_Goal of the exercise:_
Give back the full data character for character.

====== Input for this task ======

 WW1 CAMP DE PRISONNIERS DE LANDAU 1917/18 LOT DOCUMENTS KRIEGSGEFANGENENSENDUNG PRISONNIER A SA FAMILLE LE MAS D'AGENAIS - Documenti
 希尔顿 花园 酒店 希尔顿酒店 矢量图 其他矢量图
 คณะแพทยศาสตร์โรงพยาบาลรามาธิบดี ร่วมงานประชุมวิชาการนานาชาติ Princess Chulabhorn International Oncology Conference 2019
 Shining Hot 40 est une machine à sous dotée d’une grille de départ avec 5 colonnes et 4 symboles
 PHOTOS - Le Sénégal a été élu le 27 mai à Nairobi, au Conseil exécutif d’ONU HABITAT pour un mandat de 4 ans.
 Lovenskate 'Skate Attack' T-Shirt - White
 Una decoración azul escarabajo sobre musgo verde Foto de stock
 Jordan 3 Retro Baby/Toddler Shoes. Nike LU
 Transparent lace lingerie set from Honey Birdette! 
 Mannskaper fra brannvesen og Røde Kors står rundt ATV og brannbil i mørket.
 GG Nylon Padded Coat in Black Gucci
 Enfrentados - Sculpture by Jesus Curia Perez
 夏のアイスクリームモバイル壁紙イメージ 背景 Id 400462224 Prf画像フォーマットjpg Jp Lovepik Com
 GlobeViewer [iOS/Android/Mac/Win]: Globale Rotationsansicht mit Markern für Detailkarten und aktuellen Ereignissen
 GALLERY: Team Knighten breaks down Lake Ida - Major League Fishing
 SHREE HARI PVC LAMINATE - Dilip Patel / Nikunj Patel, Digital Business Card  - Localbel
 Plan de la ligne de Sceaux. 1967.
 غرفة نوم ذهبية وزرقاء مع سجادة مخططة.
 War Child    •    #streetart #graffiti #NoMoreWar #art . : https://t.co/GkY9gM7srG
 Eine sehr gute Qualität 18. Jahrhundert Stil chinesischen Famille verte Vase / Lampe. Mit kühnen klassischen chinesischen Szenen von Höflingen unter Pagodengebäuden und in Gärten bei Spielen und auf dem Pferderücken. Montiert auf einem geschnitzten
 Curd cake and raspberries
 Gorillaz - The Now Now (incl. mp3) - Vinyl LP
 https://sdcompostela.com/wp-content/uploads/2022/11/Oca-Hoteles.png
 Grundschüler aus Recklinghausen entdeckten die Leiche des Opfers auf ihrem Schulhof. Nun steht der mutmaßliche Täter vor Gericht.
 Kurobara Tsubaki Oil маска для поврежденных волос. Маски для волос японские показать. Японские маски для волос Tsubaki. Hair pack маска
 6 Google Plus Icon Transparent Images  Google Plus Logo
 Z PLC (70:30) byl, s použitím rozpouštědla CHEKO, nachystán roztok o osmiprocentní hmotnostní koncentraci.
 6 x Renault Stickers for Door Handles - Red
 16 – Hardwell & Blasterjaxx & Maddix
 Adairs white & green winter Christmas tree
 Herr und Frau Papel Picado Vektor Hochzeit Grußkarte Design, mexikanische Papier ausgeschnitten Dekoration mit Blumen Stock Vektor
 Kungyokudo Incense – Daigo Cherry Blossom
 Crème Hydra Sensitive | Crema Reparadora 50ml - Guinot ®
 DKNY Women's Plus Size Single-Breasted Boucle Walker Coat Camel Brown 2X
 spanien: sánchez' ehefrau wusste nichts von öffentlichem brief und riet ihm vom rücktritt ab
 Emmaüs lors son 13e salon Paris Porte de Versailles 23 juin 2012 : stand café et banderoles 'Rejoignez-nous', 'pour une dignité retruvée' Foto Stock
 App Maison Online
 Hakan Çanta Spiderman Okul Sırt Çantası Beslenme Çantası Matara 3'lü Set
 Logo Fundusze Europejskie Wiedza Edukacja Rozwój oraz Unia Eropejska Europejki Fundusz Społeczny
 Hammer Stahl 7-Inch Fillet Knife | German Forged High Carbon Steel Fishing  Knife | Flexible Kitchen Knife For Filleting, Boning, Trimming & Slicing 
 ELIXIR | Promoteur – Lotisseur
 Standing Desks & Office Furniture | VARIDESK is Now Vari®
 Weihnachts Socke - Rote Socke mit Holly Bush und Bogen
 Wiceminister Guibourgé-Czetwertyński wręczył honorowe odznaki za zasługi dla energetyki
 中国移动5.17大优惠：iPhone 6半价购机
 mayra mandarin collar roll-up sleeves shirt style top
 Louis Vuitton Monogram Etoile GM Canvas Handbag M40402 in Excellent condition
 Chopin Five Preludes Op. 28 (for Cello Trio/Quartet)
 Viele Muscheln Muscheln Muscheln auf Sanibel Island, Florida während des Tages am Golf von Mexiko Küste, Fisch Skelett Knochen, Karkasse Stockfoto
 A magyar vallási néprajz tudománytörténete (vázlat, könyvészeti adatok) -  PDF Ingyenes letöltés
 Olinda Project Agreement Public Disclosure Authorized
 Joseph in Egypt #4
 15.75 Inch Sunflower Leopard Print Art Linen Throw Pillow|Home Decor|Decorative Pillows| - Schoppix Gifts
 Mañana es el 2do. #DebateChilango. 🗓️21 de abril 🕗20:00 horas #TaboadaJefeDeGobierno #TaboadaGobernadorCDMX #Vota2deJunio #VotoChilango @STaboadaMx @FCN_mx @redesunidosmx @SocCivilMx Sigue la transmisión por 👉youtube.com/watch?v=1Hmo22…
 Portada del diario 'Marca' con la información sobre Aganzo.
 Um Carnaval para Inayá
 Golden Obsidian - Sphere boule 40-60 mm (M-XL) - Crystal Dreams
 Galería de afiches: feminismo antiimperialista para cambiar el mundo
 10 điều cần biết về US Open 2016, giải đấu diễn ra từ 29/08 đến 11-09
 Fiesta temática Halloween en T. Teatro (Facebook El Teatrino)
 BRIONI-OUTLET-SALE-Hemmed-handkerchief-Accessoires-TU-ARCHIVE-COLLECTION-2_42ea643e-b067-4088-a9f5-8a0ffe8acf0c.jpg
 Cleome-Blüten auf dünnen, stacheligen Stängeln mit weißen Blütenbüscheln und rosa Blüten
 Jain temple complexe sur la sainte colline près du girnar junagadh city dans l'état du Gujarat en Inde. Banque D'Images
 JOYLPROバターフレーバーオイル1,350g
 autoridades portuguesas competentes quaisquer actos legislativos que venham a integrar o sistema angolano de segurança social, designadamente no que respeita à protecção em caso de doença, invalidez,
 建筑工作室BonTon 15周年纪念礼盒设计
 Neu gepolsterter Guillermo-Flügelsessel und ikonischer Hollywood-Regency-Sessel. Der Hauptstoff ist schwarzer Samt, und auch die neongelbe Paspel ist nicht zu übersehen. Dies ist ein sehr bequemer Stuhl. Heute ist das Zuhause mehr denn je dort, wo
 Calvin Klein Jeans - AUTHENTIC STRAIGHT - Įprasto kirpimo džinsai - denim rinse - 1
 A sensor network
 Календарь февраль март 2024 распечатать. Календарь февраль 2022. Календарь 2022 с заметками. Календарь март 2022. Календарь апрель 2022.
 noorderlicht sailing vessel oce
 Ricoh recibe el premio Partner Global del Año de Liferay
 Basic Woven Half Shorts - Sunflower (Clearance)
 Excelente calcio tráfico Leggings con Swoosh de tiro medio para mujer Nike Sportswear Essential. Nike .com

======

_Expected answer:_
 WW1 CAMP DE PRISONNIERS DE LANDAU 1917/18 LOT DOCUMENTS KRIEGSGEFANGENENSENDUNG PRISONNIER A SA FAMILLE LE MAS D'AGENAIS - Documenti
 希尔顿 花园 酒店 希尔顿酒店 矢量图 其他矢量图
 คณะแพทยศาสตร์โรงพยาบาลรามาธิบดี ร่วมงานประชุมวิชาการนานาชาติ Princess Chulabhorn International Oncology Conference 2019
 Shining Hot 40 est une machine à sous dotée d’une grille de départ avec 5 colonnes et 4 symboles
 PHOTOS - Le Sénégal a été élu le 27 mai à Nairobi, au Conseil exécutif d’ONU HABITAT pour un mandat de 4 ans.
 Lovenskate 'Skate Attack' T-Shirt - White
 Una decoración azul escarabajo sobre musgo verde Foto de stock
 Jordan 3 Retro Baby/Toddler Shoes. Nike LU
 Transparent lace lingerie set from Honey Birdette! 
 Mannskaper fra brannvesen og Røde Kors står rundt ATV og brannbil i mørket.
 GG Nylon Padded Coat in Black Gucci
 Enfrentados - Sculpture by Jesus Curia Perez
 夏のアイスクリームモバイル壁紙イメージ 背景 Id 400462224 Prf画像フォーマットjpg Jp Lovepik Com
 GlobeViewer [iOS/Android/Mac/Win]: Globale Rotationsansicht mit Markern für Detailkarten und aktuellen Ereignissen
 GALLERY: Team Knighten breaks down Lake Ida - Major League Fishing
 SHREE HARI PVC LAMINATE - Dilip Patel / Nikunj Patel, Digital Business Card  - Localbel
 Plan de la ligne de Sceaux. 1967.
 غرفة نوم ذهبية وزرقاء مع سجادة مخططة.
 War Child    •    #streetart #graffiti #NoMoreWar #art . : https://t.co/GkY9gM7srG
 Eine sehr gute Qualität 18. Jahrhundert Stil chinesischen Famille verte Vase / Lampe. Mit kühnen klassischen chinesischen Szenen von Höflingen unter Pagodengebäuden und in Gärten bei Spielen und auf dem Pferderücken. Montiert auf einem geschnitzten
 Curd cake and raspberries
 Gorillaz - The Now Now (incl. mp3) - Vinyl LP
 https://sdcompostela.com/wp-content/uploads/2022/11/Oca-Hoteles.png
 Grundschüler aus Recklinghausen entdeckten die Leiche des Opfers auf ihrem Schulhof. Nun steht der mutmaßliche Täter vor Gericht.
 Kurobara Tsubaki Oil маска для поврежденных волос. Маски для волос японские показать. Японские маски для волос Tsubaki. Hair pack маска
 6 Google Plus Icon Transparent Images  Google Plus Logo
 Z PLC (70:30) byl, s použitím rozpouštědla CHEKO, nachystán roztok o osmiprocentní hmotnostní koncentraci.
 6 x Renault Stickers for Door Handles - Red
 16 – Hardwell & Blasterjaxx & Maddix
 Adairs white & green winter Christmas tree
 Herr und Frau Papel Picado Vektor Hochzeit Grußkarte Design, mexikanische Papier ausgeschnitten Dekoration mit Blumen Stock Vektor
 Kungyokudo Incense – Daigo Cherry Blossom
 Crème Hydra Sensitive | Crema Reparadora 50ml - Guinot ®
 DKNY Women's Plus Size Single-Breasted Boucle Walker Coat Camel Brown 2X
 spanien: sánchez' ehefrau wusste nichts von öffentlichem brief und riet ihm vom rücktritt ab
 Emmaüs lors son 13e salon Paris Porte de Versailles 23 juin 2012 : stand café et banderoles 'Rejoignez-nous', 'pour une dignité retruvée' Foto Stock
 App Maison Online
 Hakan Çanta Spiderman Okul Sırt Çantası Beslenme Çantası Matara 3'lü Set
 Logo Fundusze Europejskie Wiedza Edukacja Rozwój oraz Unia Eropejska Europejki Fundusz Społeczny
 Hammer Stahl 7-Inch Fillet Knife | German Forged High Carbon Steel Fishing  Knife | Flexible Kitchen Knife For Filleting, Boning, Trimming & Slicing 
 ELIXIR | Promoteur – Lotisseur
 Standing Desks & Office Furniture | VARIDESK is Now Vari®
 Weihnachts Socke - Rote Socke mit Holly Bush und Bogen
 Wiceminister Guibourgé-Czetwertyński wręczył honorowe odznaki za zasługi dla energetyki
 中国移动5.17大优惠：iPhone 6半价购机
 mayra mandarin collar roll-up sleeves shirt style top
 Louis Vuitton Monogram Etoile GM Canvas Handbag M40402 in Excellent condition
 Chopin Five Preludes Op. 28 (for Cello Trio/Quartet)
 Viele Muscheln Muscheln Muscheln auf Sanibel Island, Florida während des Tages am Golf von Mexiko Küste, Fisch Skelett Knochen, Karkasse Stockfoto
 A magyar vallási néprajz tudománytörténete (vázlat, könyvészeti adatok) -  PDF Ingyenes letöltés
 Olinda Project Agreement Public Disclosure Authorized
 Joseph in Egypt #4
 15.75 Inch Sunflower Leopard Print Art Linen Throw Pillow|Home Decor|Decorative Pillows| - Schoppix Gifts
 Mañana es el 2do. #DebateChilango. 🗓️21 de abril 🕗20:00 horas #TaboadaJefeDeGobierno #TaboadaGobernadorCDMX #Vota2deJunio #VotoChilango @STaboadaMx @FCN_mx @redesunidosmx @SocCivilMx Sigue la transmisión por 👉youtube.com/watch?v=1Hmo22…
 Portada del diario 'Marca' con la información sobre Aganzo.
 Um Carnaval para Inayá
 Golden Obsidian - Sphere boule 40-60 mm (M-XL) - Crystal Dreams
 Galería de afiches: feminismo antiimperialista para cambiar el mundo
 10 điều cần biết về US Open 2016, giải đấu diễn ra từ 29/08 đến 11-09
 Fiesta temática Halloween en T. Teatro (Facebook El Teatrino)
 BRIONI-OUTLET-SALE-Hemmed-handkerchief-Accessoires-TU-ARCHIVE-COLLECTION-2_42ea643e-b067-4088-a9f5-8a0ffe8acf0c.jpg
 Cleome-Blüten auf dünnen, stacheligen Stängeln mit weißen Blütenbüscheln und rosa Blüten
 Jain temple complexe sur la sainte colline près du girnar junagadh city dans l'état du Gujarat en Inde. Banque D'Images
 JOYLPROバターフレーバーオイル1,350g
 autoridades portuguesas competentes quaisquer actos legislativos que venham a integrar o sistema angolano de segurança social, designadamente no que respeita à protecção em caso de doença, invalidez,
 建筑工作室BonTon 15周年纪念礼盒设计
 Neu gepolsterter Guillermo-Flügelsessel und ikonischer Hollywood-Regency-Sessel. Der Hauptstoff ist schwarzer Samt, und auch die neongelbe Paspel ist nicht zu übersehen. Dies ist ein sehr bequemer Stuhl. Heute ist das Zuhause mehr denn je dort, wo
 Calvin Klein Jeans - AUTHENTIC STRAIGHT - Įprasto kirpimo džinsai - denim rinse - 1
 A sensor network
 Календарь февраль март 2024 распечатать. Календарь февраль 2022. Календарь 2022 с заметками. Календарь март 2022. Календарь апрель 2022.
 noorderlicht sailing vessel oce
 Ricoh recibe el premio Partner Global del Año de Liferay
 Basic Woven Half Shorts - Sunflower (Clearance)
 Excelente calcio tráfico Leggings con Swoosh de tiro medio para mujer Nike Sportswear Essential. Nike .com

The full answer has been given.